This function gets a testSet from a larger codeSet given certain sampling parameters.

Usage

getTestSet(set, testSetLength, testSetBaserateInflation = 0)

Arguments

set

The codeSet from which the testSet is taken

testSetLength

The length of the testSet to be taken

testSetBaserateInflation

The minimum guaranteed baserate of the testSet. Default to 0

Details

A testSet is a codeSet that is a subset of a larger codeSet with a given set of properties. A testSet is constructed by sampling (without replacement) P rows from rows in the larger codeSet where the first rater's code was 1, and then appending an additional sample (without replacement) of R rows taken at random from the larger codeSet excluding rows included in the first P rows sampled. P is computed as the minbaserate * length of the testset. R is computed as testSetLength - P. The result of this sampling procedure is to create a sample with a minimum baserate regardless of the baserate of the larger codeSet.If testSetBaserateInflation is set to zero, the function selects rows at random.

Value

A codeSet with the properties specified


Calculate kappa

Description

This function calculates Cohen's kappa on a contingencyTable or a codeSet

Usage

kappa(data)

Arguments

data

A contingencyTable or a codeSet

Value

The kappa of the contingencyTable or codeSet

See Also

kappaSet and kappaCT

Examples

#Given a code set
kappa(data = codeSet)

#Given a contingency Table
kappa(data = contingencyTable)

kappa_ct

Description

Calculate kappa from a contingency table

Usage

kappa_ct(ct)

Arguments

ct

[TBD]


Calculate kappa (contingency Table)

Description

This function calculates Cohen's kappa on a contingencyTable.

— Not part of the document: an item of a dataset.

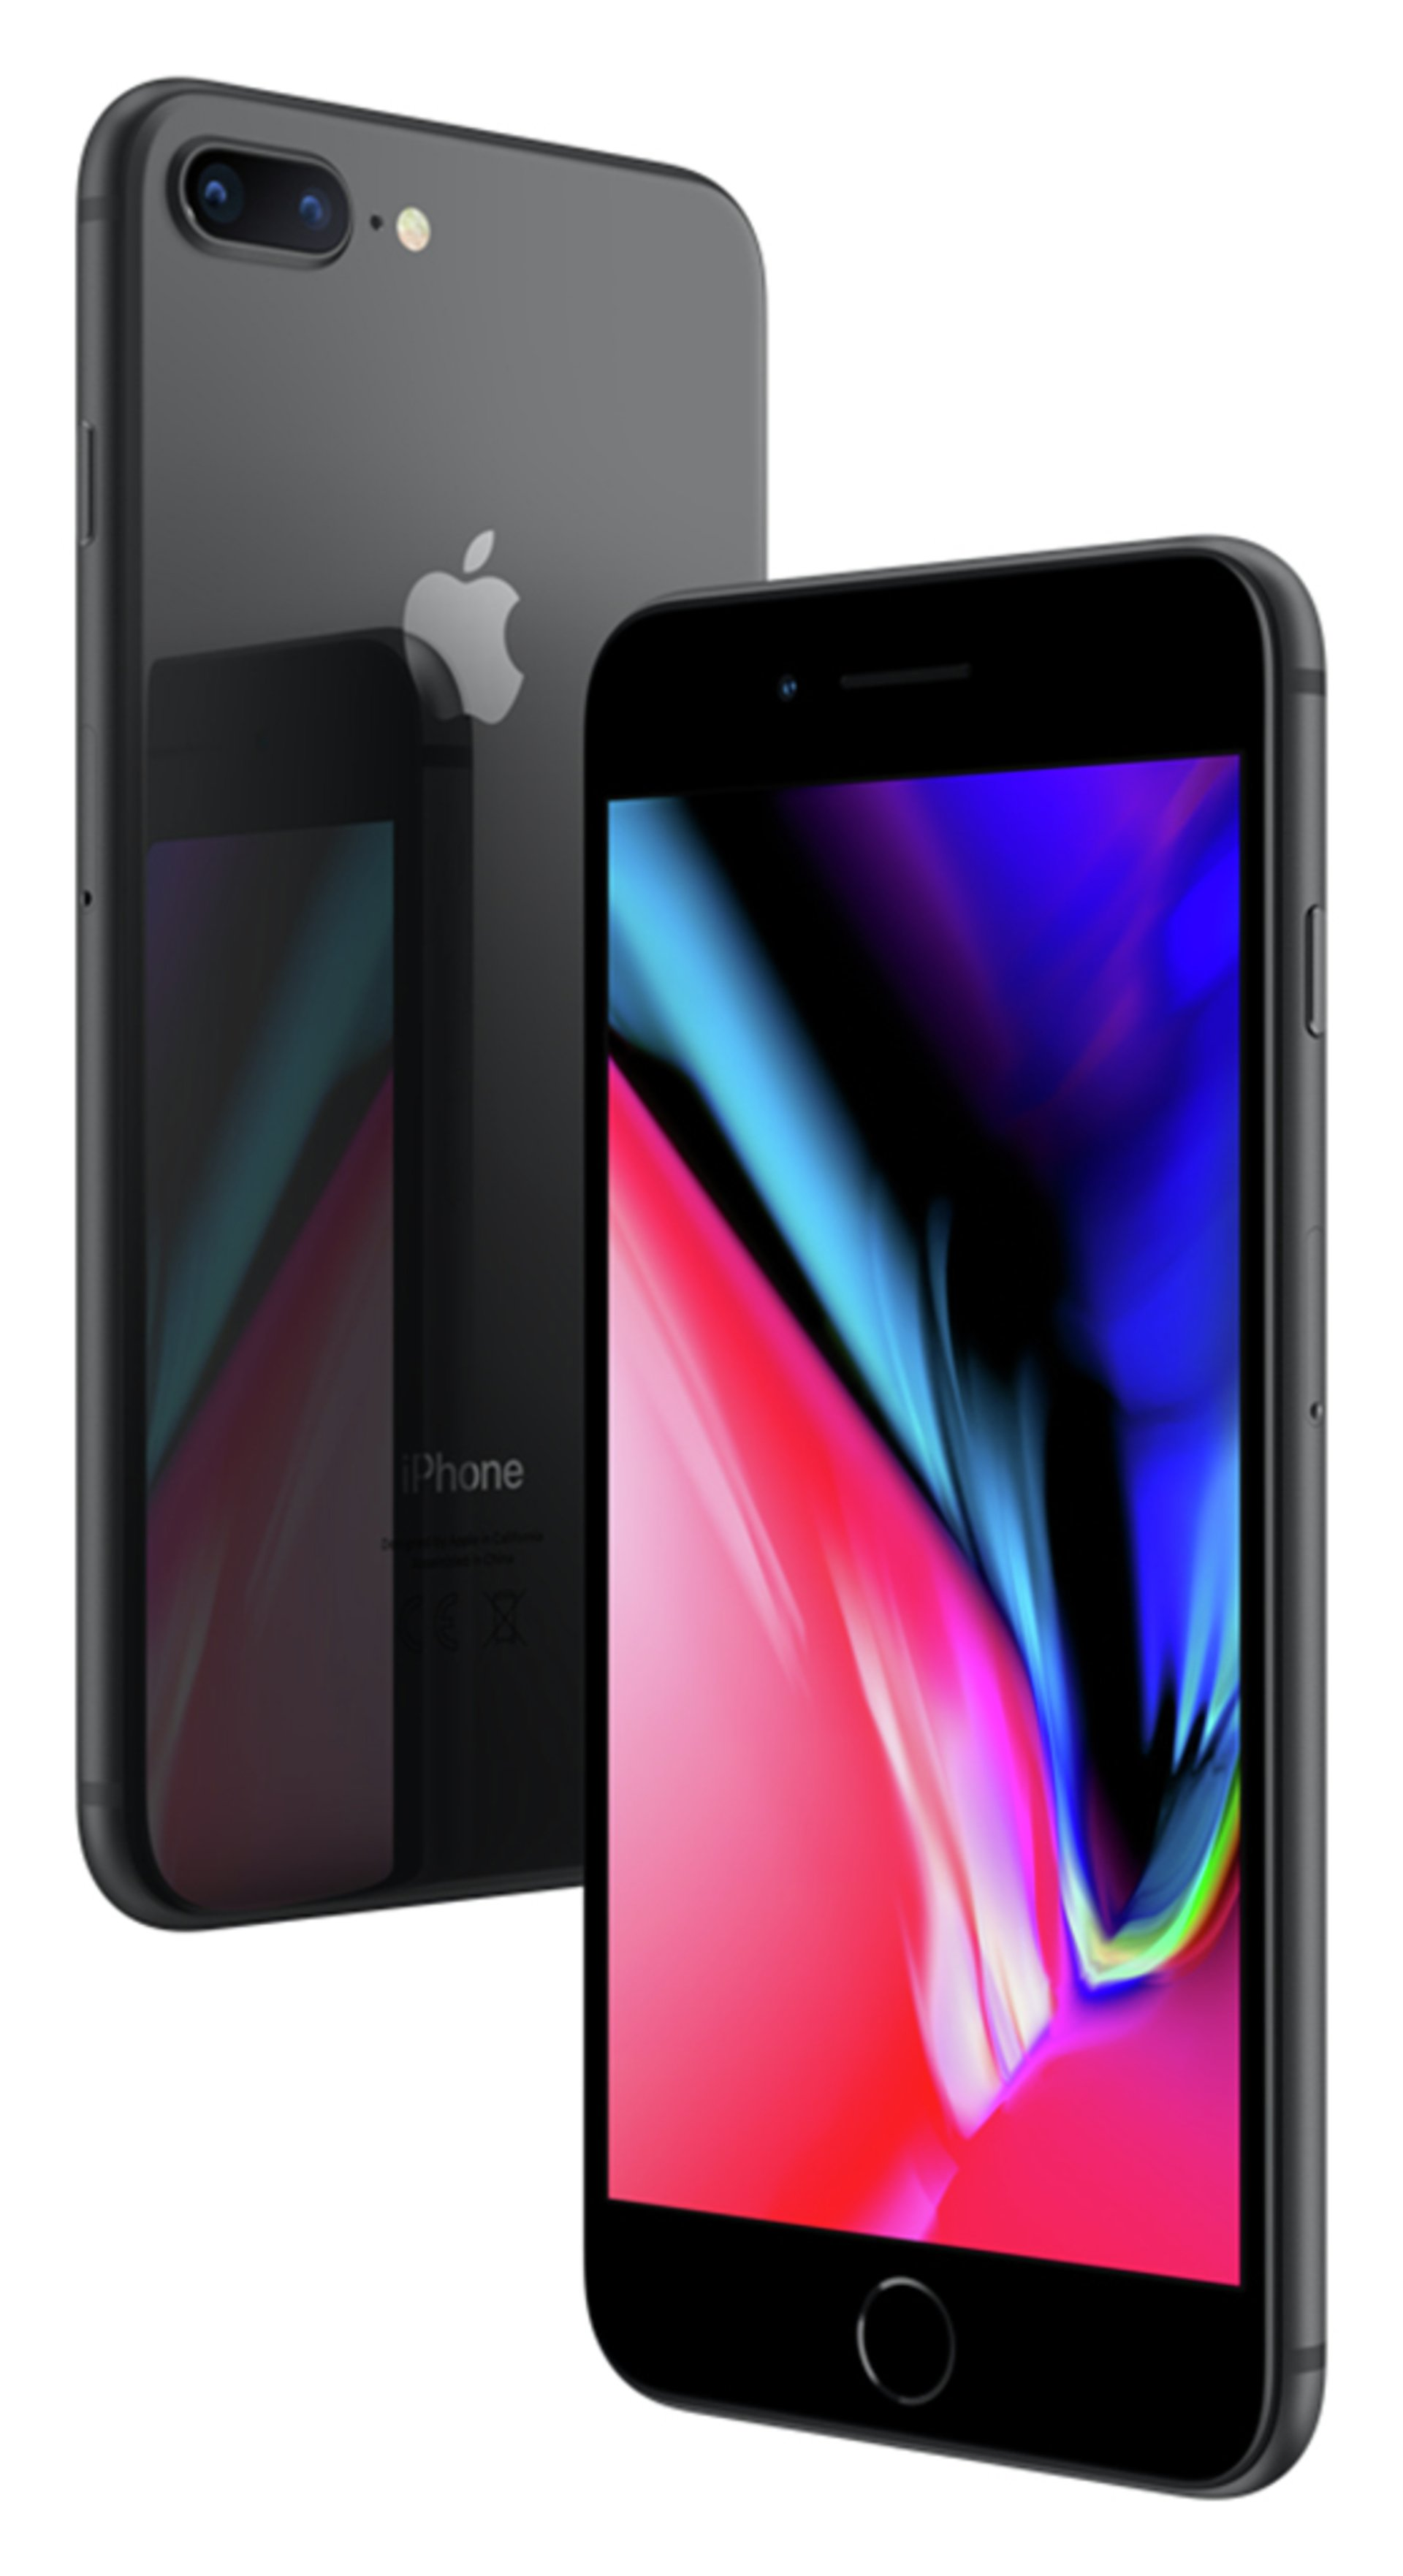 Apple Sim Free iPhone 8 Plus 64GB Mobile Phone - Space Grey

Called by kappa.

Usage

kappaCT(ct)

Arguments

ct

A contingencyTable

Value

The kappa of the contingencyTable

See Also

kappa and kappaSet


Calculate kappa (Set)

Description

This function calculates Cohen's kappa for a given codeSet. Called by kappa.

Usage

kappaSet(set)

Arguments

set

A codeSet

Value

The kappa of the codeSet

See Also

kappa and kappaCT


random_contingency_table

Description

random_contingency_table

Usage

random_contingency_table(
  setLength,
  baserate,
  kappaMin,
  kappaMax,
  minPrecision = 0,
  maxPrecision = 1
)

Arguments

setLength

[TBD]

baserate

[TBD]

kappaMin

[TBD]

kappaMax

[TBD]

minPrecision

[TBD]

maxPrecision

[TBD]


recall

Description

recall

Usage

recall(kappa, BR, P)

Arguments

kappa

double

BR

double

P

double

Value

Recall calculated from provided kappa, BR, and P


Rho

Description

This function calculates rho for a testSet, contingencyTable, or an observed kappa value with associated set parameters (testSetLength and OcSBaserate).

Usage

rho(
  x,
  OcSBaserate = NULL,
  testSetLength = NULL,
  testSetBaserateInflation = 0,
  OcSLength = 10000,
  replicates = 800,
  ScSKappaThreshold = 0.9,
  ScSKappaMin = 0.4,
  ScSPrecisionMin = 0.6,
  ScSPrecisionMax = 1
)

Arguments

x

The observed kappa value, testSet or contingencyTable that will be tested with rho

OcSBaserate

The baserate of the observed codeSet (defaults to baserate of testSet or contingencyTable)

testSetLength

The length of the testSet (ignored unless data is an observed kappa value)

testSetBaserateInflation

The minimum baserate from the sampling procedure

OcSLength

The length of the observed codeSet

replicates

The number of simulated codeSets to use in the null hypothesis distribution for rho; similar to replicates in a Monte Carlo study

ScSKappaThreshold

The maximum kappa value used to generate simulated codeSets in the null hypothesis distribution for rho

ScSKappaMin

The minimum kappa value used to generate simulated codeSets in the null hypothesis distribution for rho

ScSPrecisionMin

The minimum precision to be used for generation of simulated codeSets in the null hypothesis distribution for rho

ScSPrecisionMax

The maximum precision to be used for generation of simulated codeSets in the null hypothesis distribution for rho

Details

Rho is a Monte Carlo rejective method of interrater reliability statistics, implemented here for Cohen's Kappa. Rho constructs a collection of data sets in which kappa is below a specified threshold, and computes the empirical distribution on kappa based on the specified sampling procedure. Rho returns the percent of the empirical distribution greater than or equal to an observed kappa. As a result, Rho quantifies the type 1 error in generalizing from an observed test set to a true value of agreement between two raters.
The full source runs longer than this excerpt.